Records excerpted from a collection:
☆ ☆ ☆ ☆ ☆

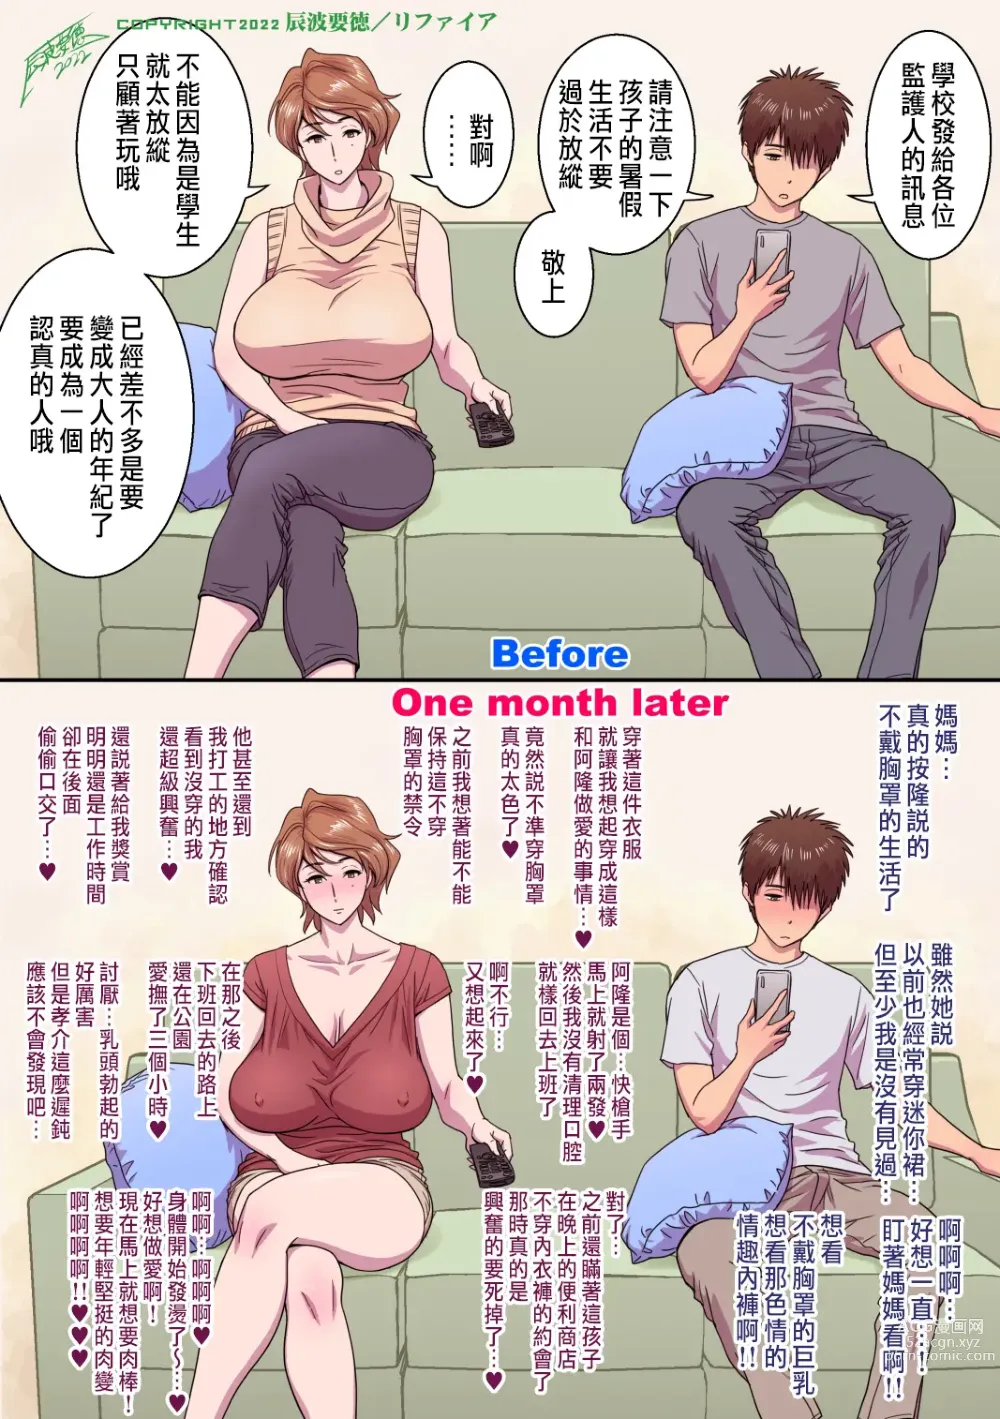 Page 107 of manga 母が友カノになったので
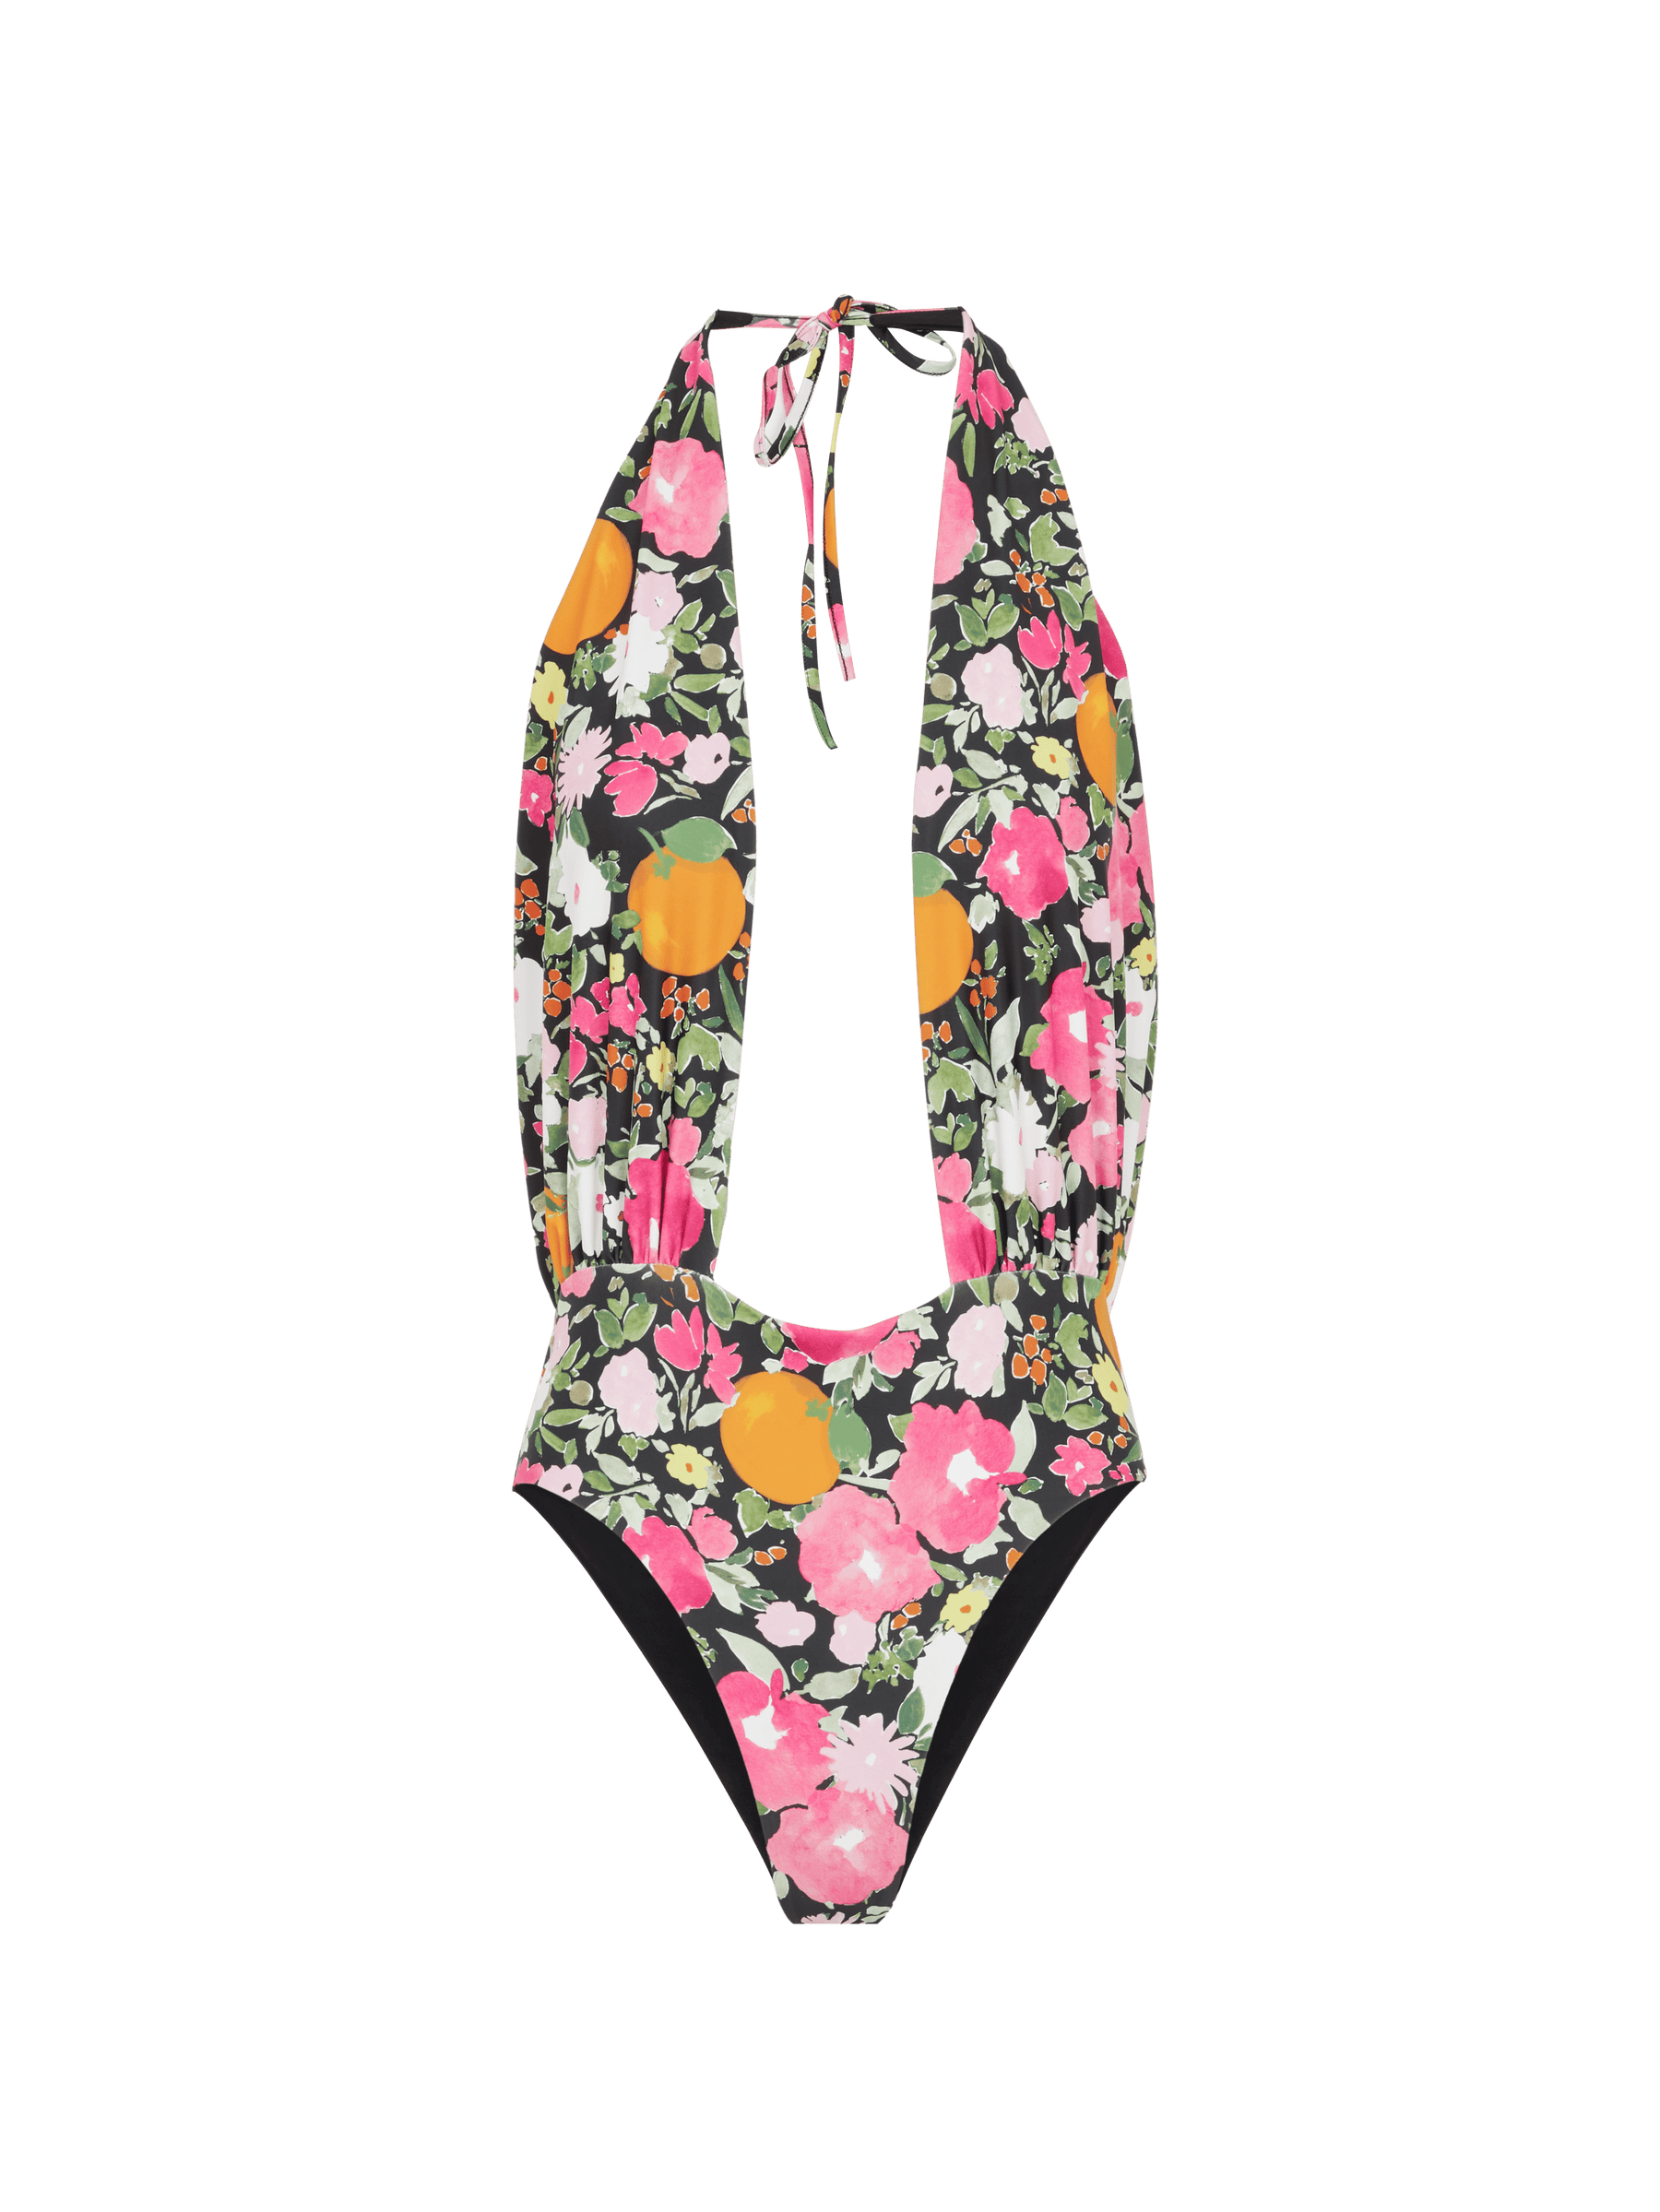 CASTA - 1 Piece Tie Print Swimsuit Immortelles Swimsuit Fête Impériale
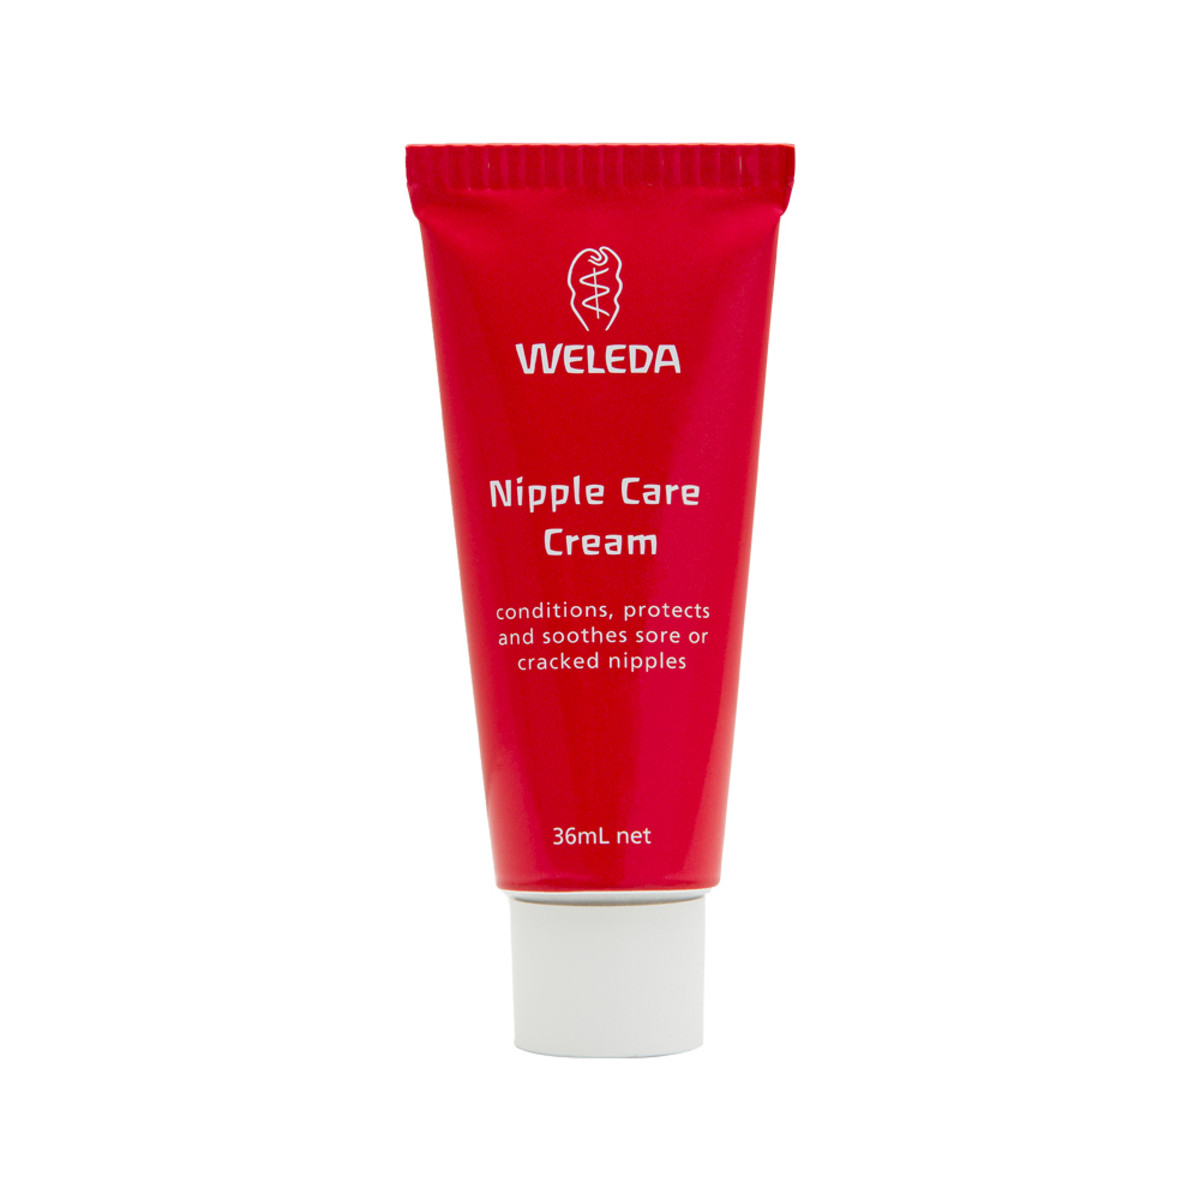 WELEDA - Nipple Care Cream
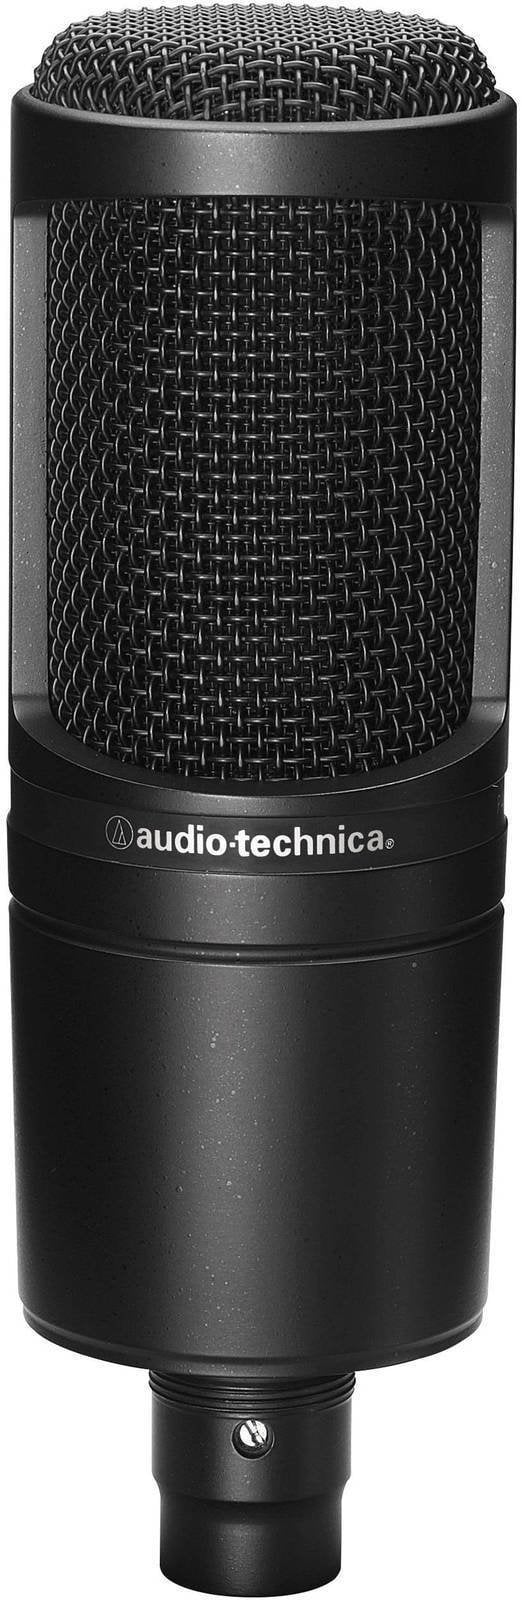 Micrófono de condensador de estudio Audio-Technica AT2020 Micrófono de condensador de estudio
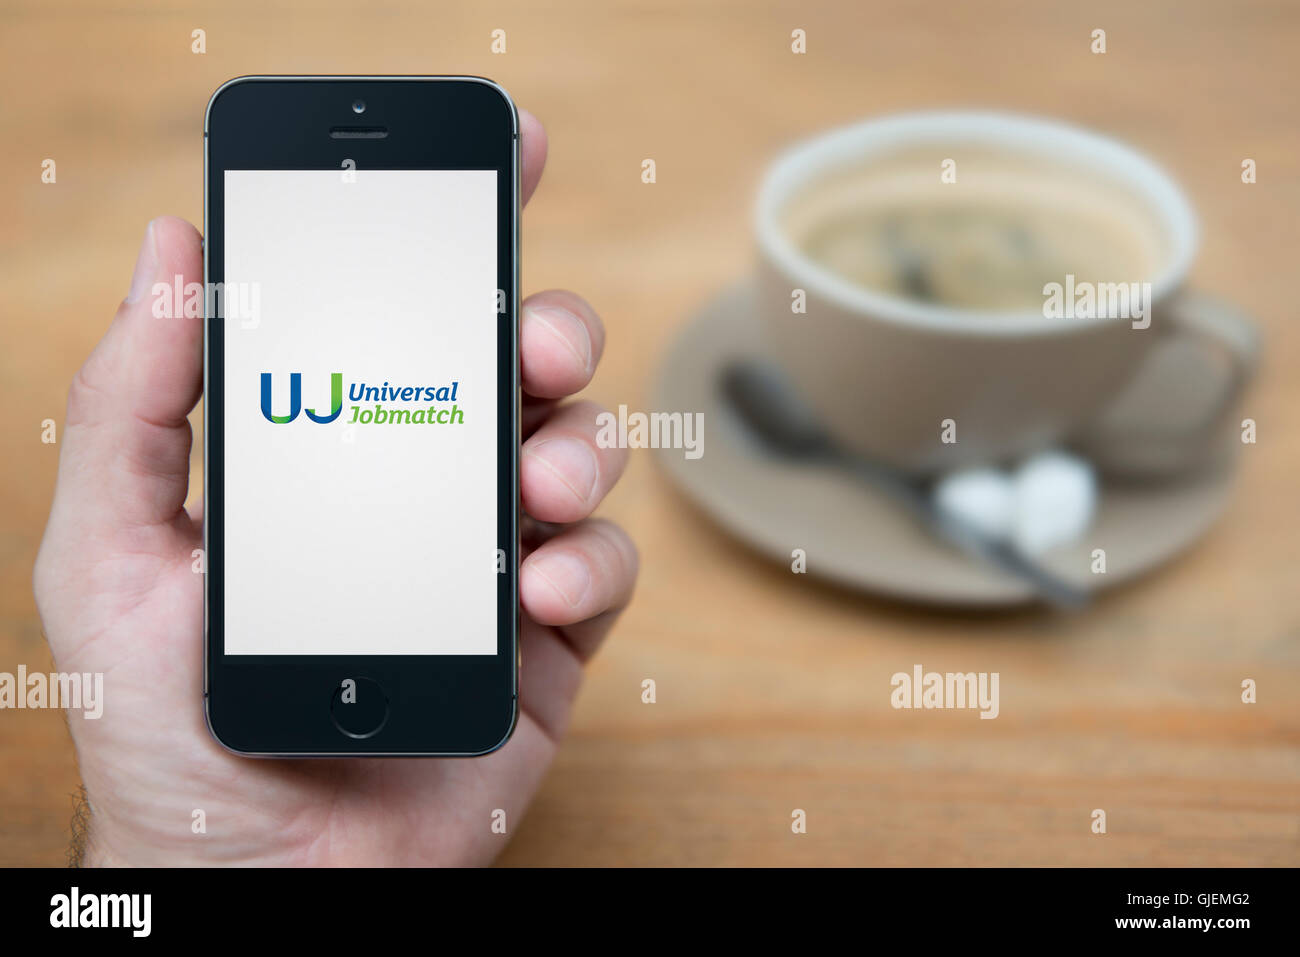 Un homme se penche sur son iPhone qui affiche le logo Jobmatch universelle, en restant assis avec une tasse de café (usage éditorial uniquement). Banque D'Images

☆ ☆ ☆ ☆ ☆

**WHAT TO DO**
Reproduce all of the data exactly; the pictures do not belong in the copy.

**ANSWER SECTION**
 Page 107 of manga 母が友カノになったので
 CASTA - 1 Piece Tie Print Swimsuit Immortelles Swimsuit Fête Impériale
 WELEDA - Nipple Care Cream
 Micrófono de condensador de estudio Audio-Technica AT2020 Micrófono de condensador de estudio
 Un homme se penche sur son iPhone qui affiche le logo Jobmatch universelle, en restant assis avec une tasse de café (usage éditorial uniquement). Banque D'Images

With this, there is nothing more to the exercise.